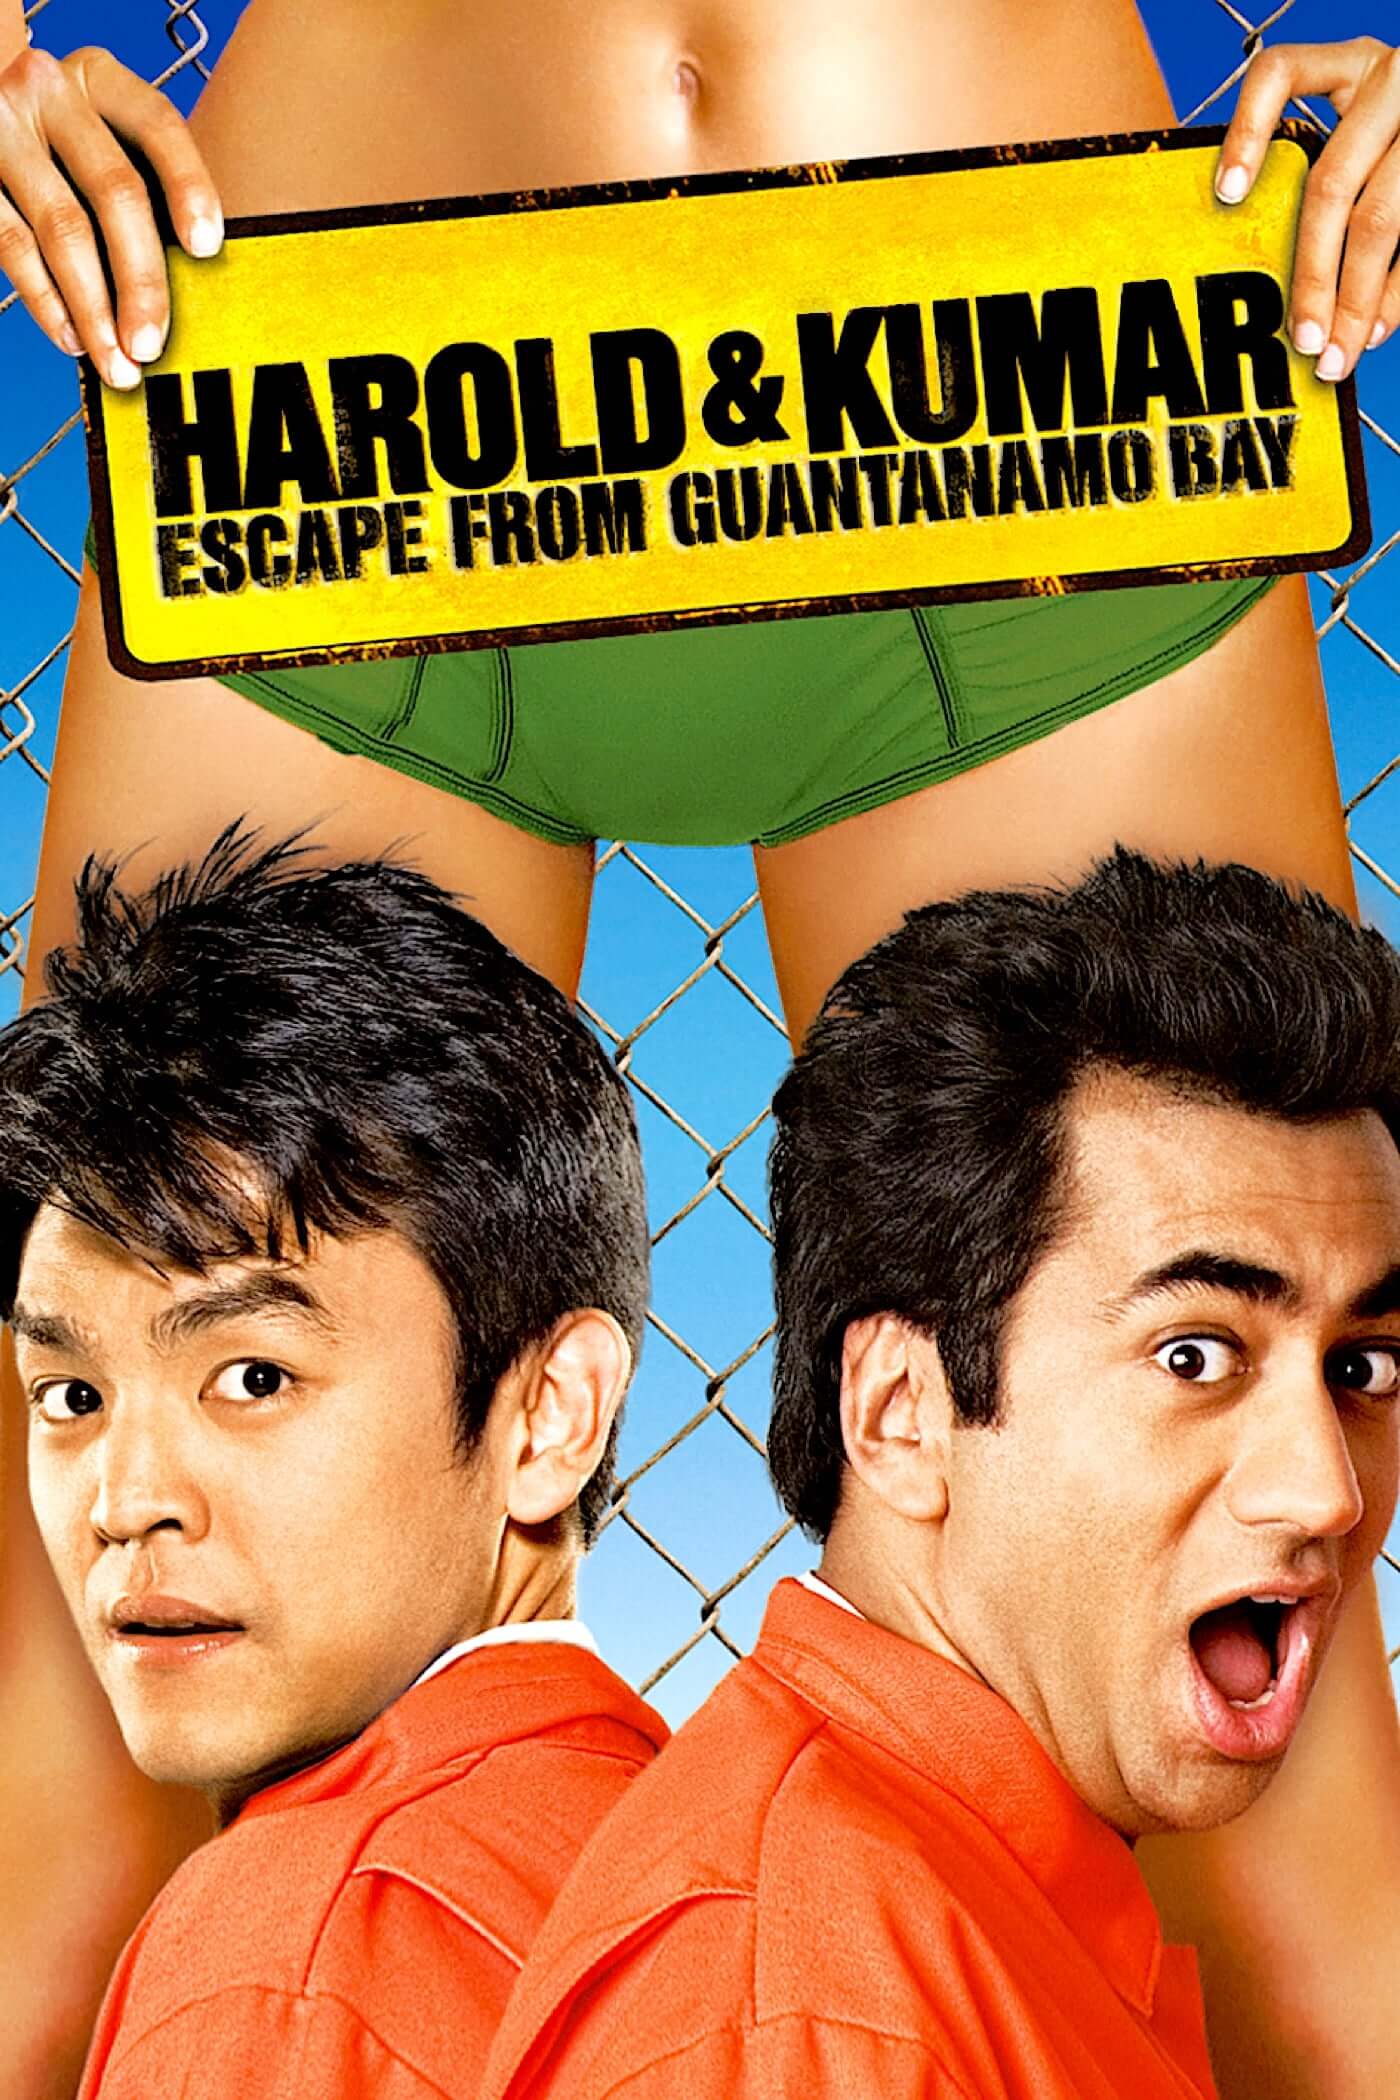 هارولد و کومار فرار از خلیج گوانتانامو (Harold & Kumar Escape from Guantanamo Bay)
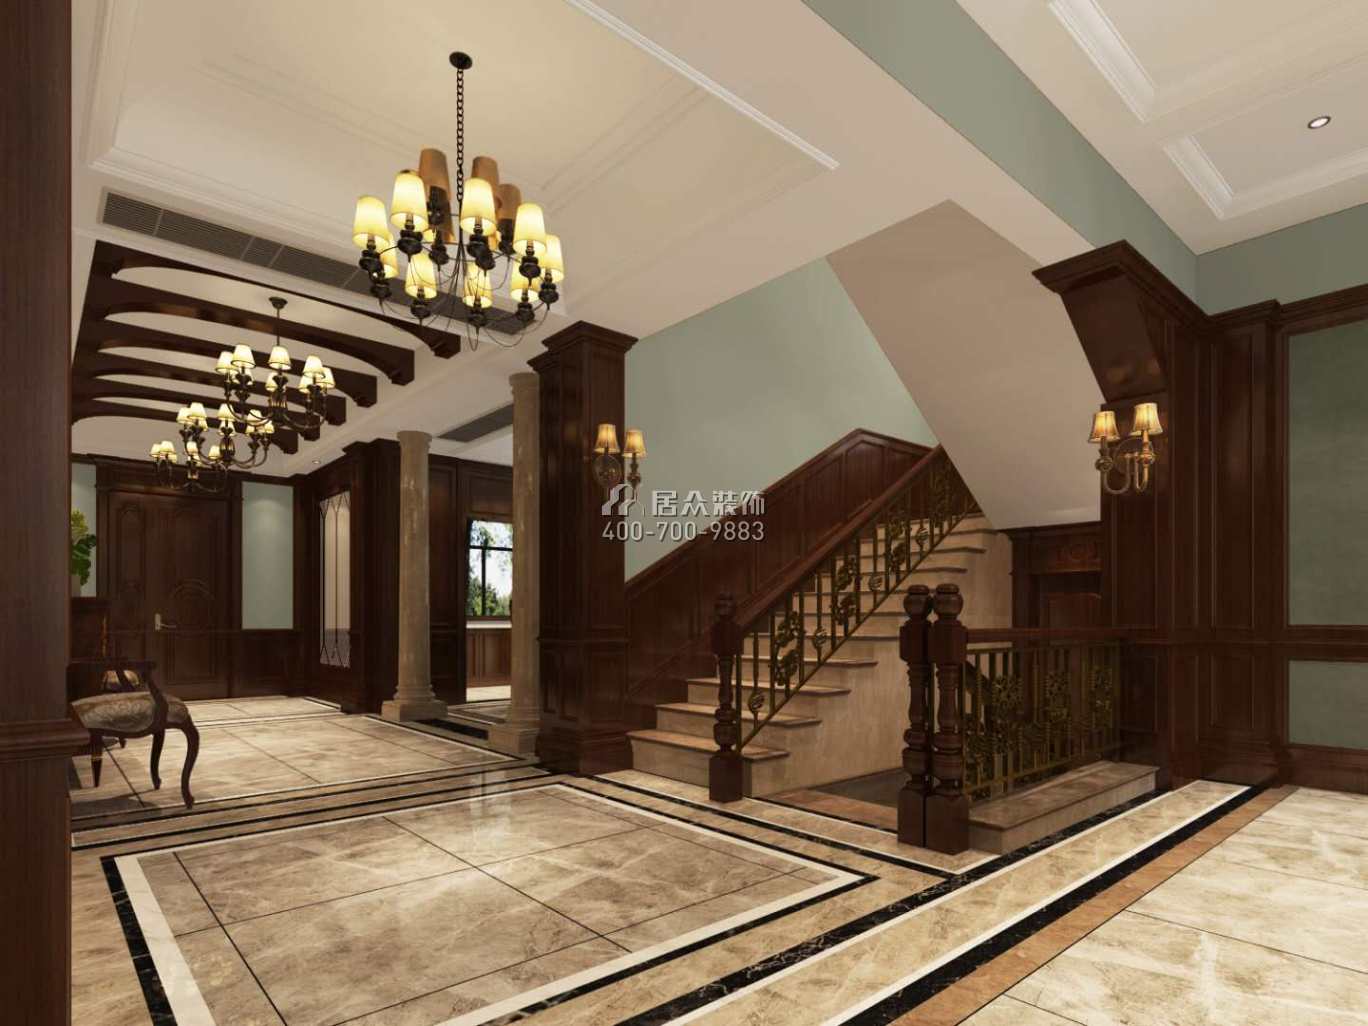 運達城350平方米新古典風格別墅戶型樓梯裝修效果圖
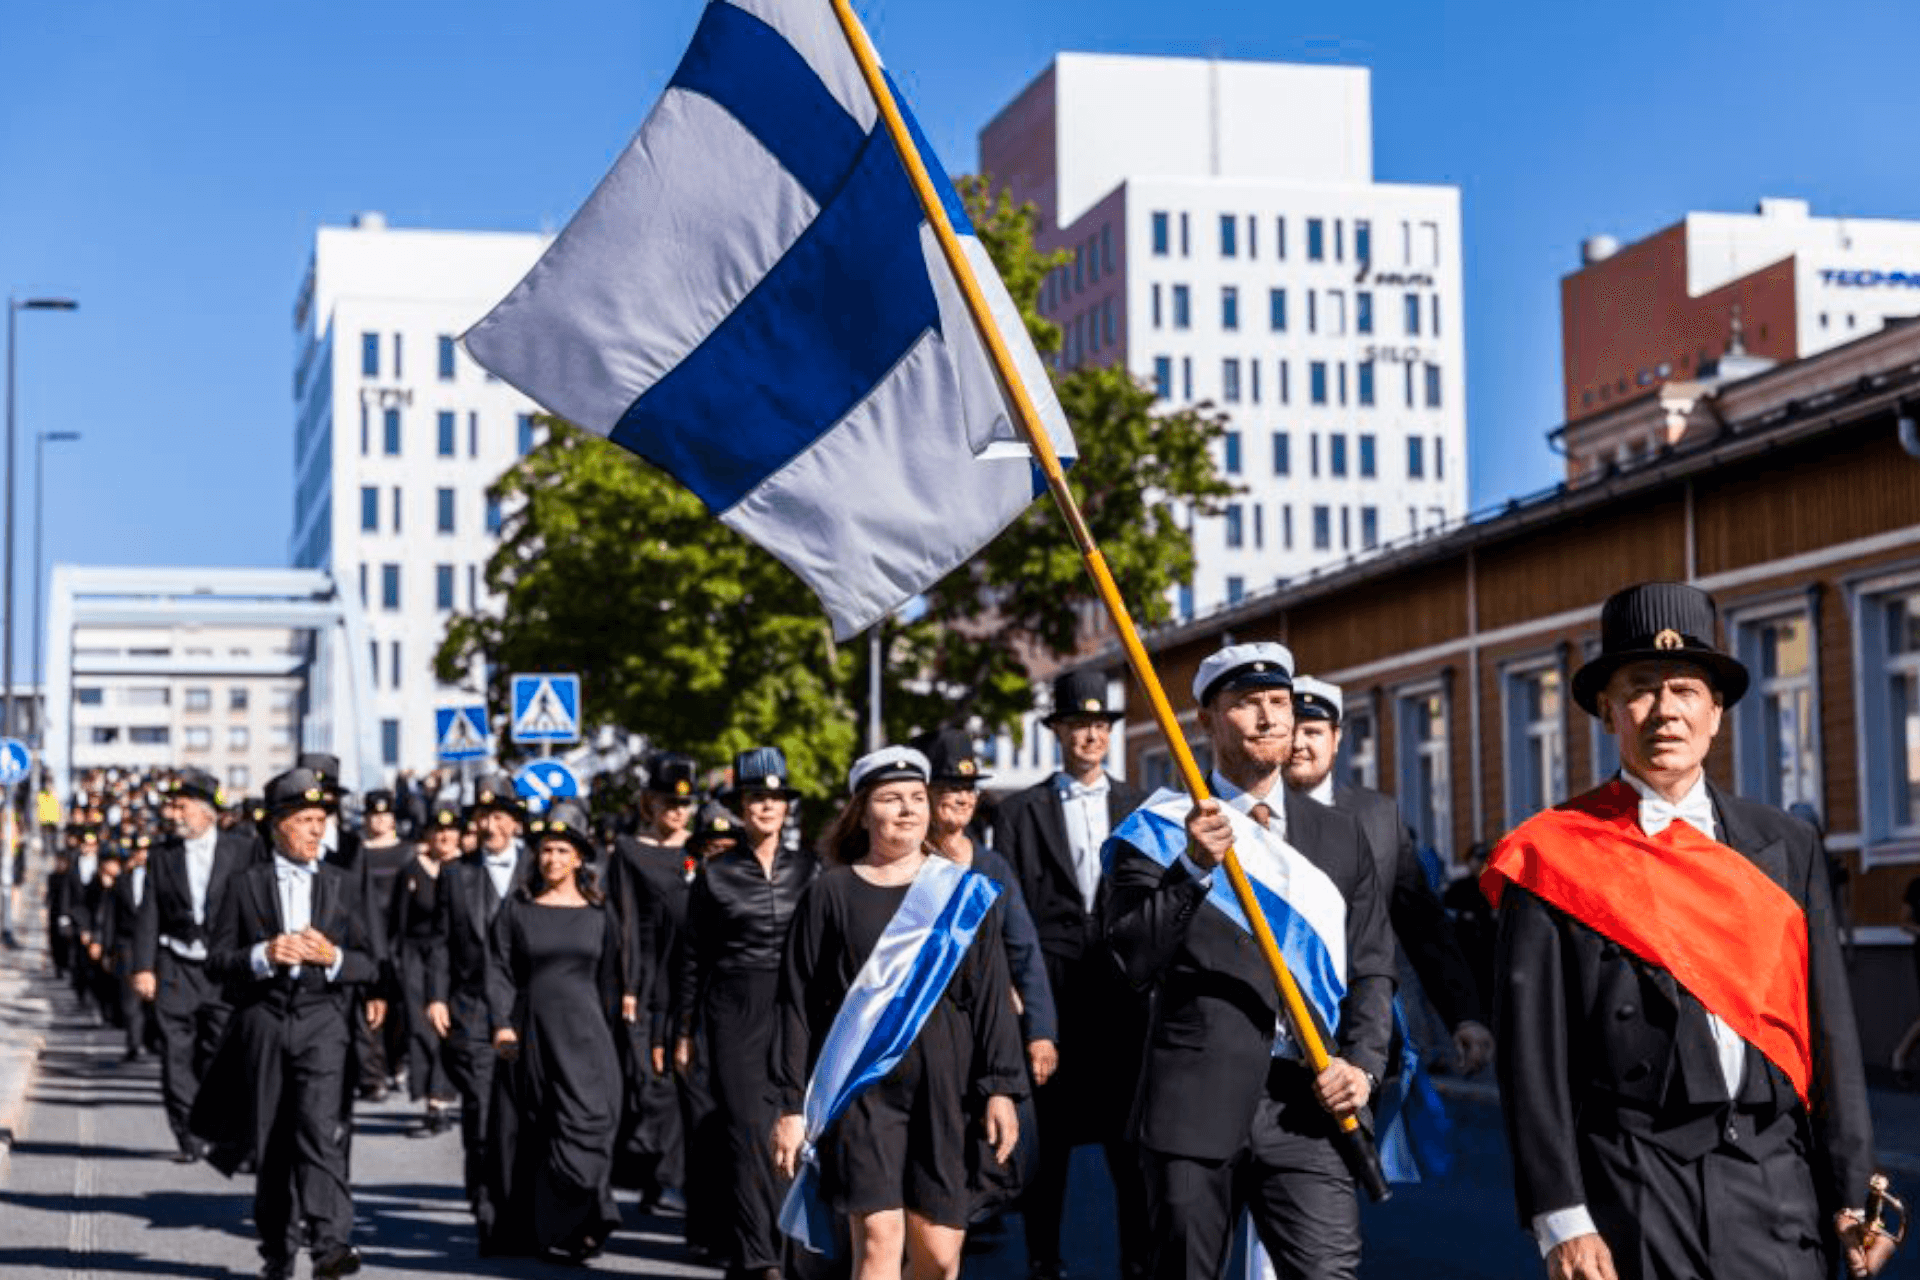 Vuonna 2022 järjestetyn tohtoripromootion kulkue Tampereen kadulla. Kärjessä mies kantaa suomenlippua. Aurinko paistaa.

ABOUT THIS TASK: Pick up at the line containing "運達城350平方米新古典風格別墅戶型樓梯裝修效果圖" and copy each line exactly until the data ends, including that last line; copy no pictures.

ANSWER FOR THE TASK:
 運達城350平方米新古典風格別墅戶型樓梯裝修效果圖
 Vuonna 2022 järjestetyn tohtoripromootion kulkue Tampereen kadulla. Kärjessä mies kantaa suomenlippua. Aurinko paistaa.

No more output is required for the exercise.